According to the MHCC, there is an estimated range of 150,000 to 300,000 homeless people across Canada, many of whom live with a mental illness. And the cost of looking after people who are homeless with mental health problems is $1.4 billion a year in Canada. That price tag includes shelter systems and emergency services.

In 2008, the Canadian government granted the Mental Health Commission $110 million to carry out the Housing First approach across the country. About 1,250 participants are currently in the project, which also includes a comparison “treatment as usual” control group of people who have mental health issues but live on the street.

Different types of homes are offered, including private and social-housing units. Those who leave the homes — either due to voluntary leave, eviction or other reasons — still receive support through the study.

“I’ve met remarkable people,” says Becker, who calls Arbach “a true heroine” and “an angel without wings.”

“I went to landlords, a woman who is an administrator for a big apartment block in the west end, and I said, ‘Why would you welcome potential trouble? You have 300 units, there are all kinds of people there,’ and she said, ‘You know what?
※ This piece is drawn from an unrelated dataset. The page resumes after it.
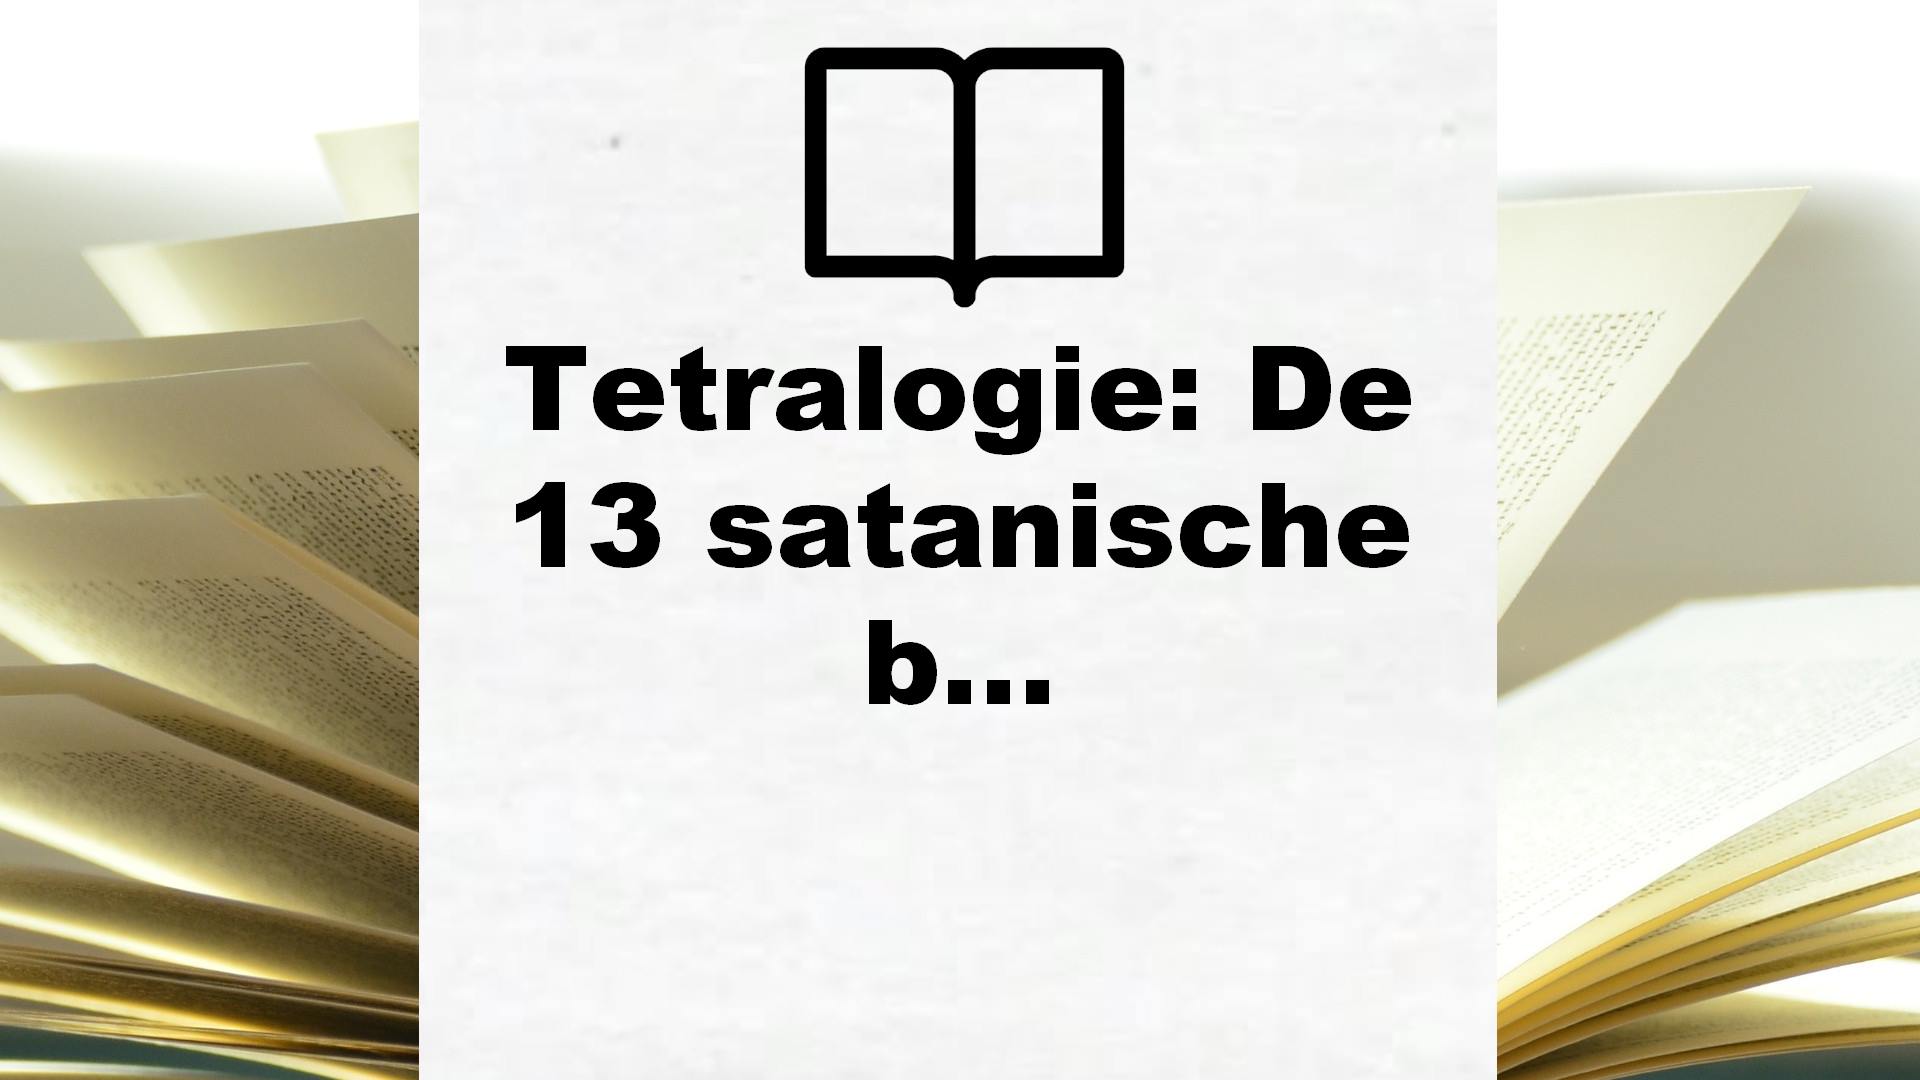 Tetralogie: De 13 satanische bloedlijnen – Boekrecensie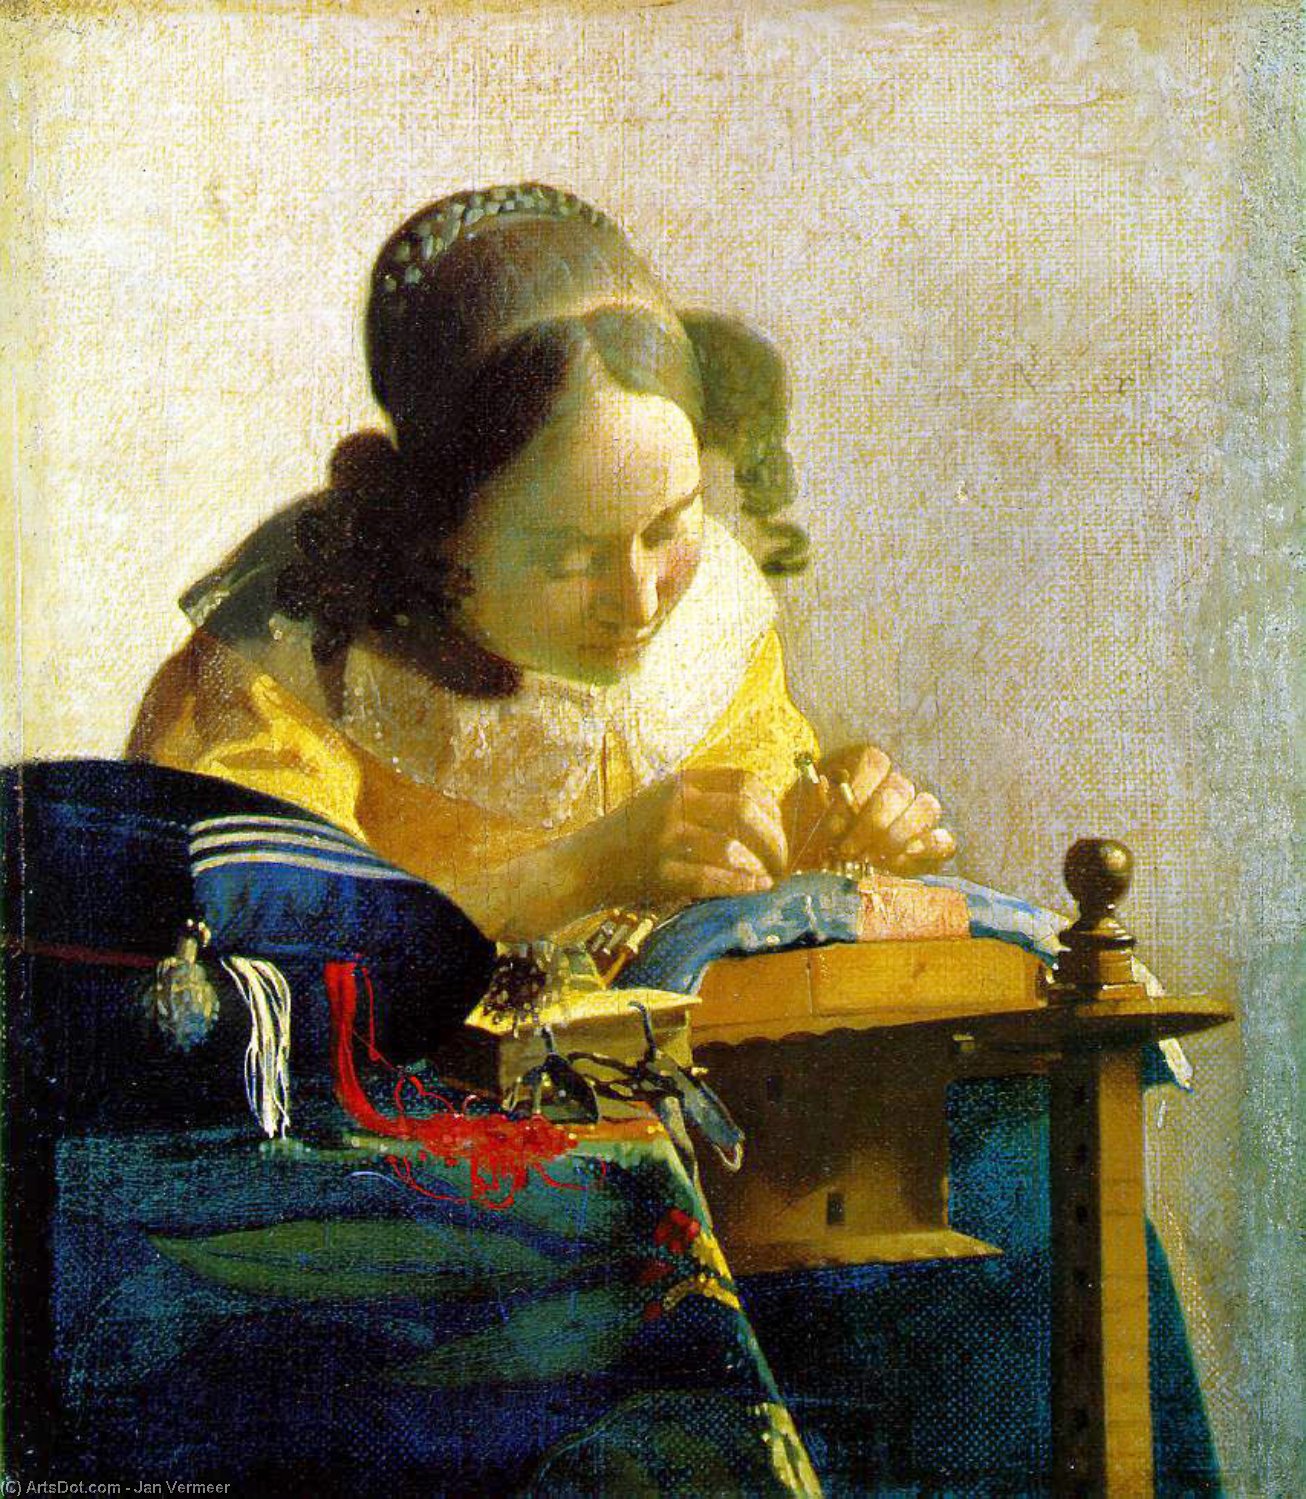 WikiOO.org - Encyclopedia of Fine Arts - Målning, konstverk Jan Vermeer - The lacemaker, Louvre

I was homeless once, I know what it’s like.’

“And that line that we’ve all heard about: ‘You’re two paycheques away from hitting the street’? Well, that’s true for many people, and some of them come through and they say, ‘I’ve been there, I know what it’s like.’

“So what Chez Soi/At Home gives is an expression of compassion in a very concrete sense.”

The research initiative ends on March 31, 2013, with findings slated for release later that year.

Preliminary project results are “very, very positive around the outcomes for the participants,” says More, noting many who receive housing then express interest in achieving new goals such as reconnecting with family, getting education or volunteering.

“When you sit and listen to participants talk about the difference the project has made, there’s a great deal of emphasis on the safety that they’ve felt once they had a door —that they could lock a door and they could actually sleep in a sound sleep.”

“When you think about how profound it is to not have that ability, night after night, to never be rested and to be, for many of them, in chronic pain,” continues More. “We found the majority of people who came into the Toronto site project had an untreated medical condition, and the majority also were experiencing daily pain that was not being dealt with.

“So you hear at a very fundamental level the difference it made to have a door that they could close and they could be alone.”

Becker says everything he’s observed also suggests the study is working.

“One day we went out and tried to find people in the control group to interview for research interviews and we spent all day pounding the pavement and knocking this door and that and we couldn’t find a single person. We went to this shelter and that shelter and had lists of people and they said, ‘Yeah, no, we haven’t seen them, just disappeared, nobody knows.’

“And then we interviewed somebody who has been housed and it was an hour-long visit and the person has improved their condition very clearly. So that’s kind of living proof that the project is working.”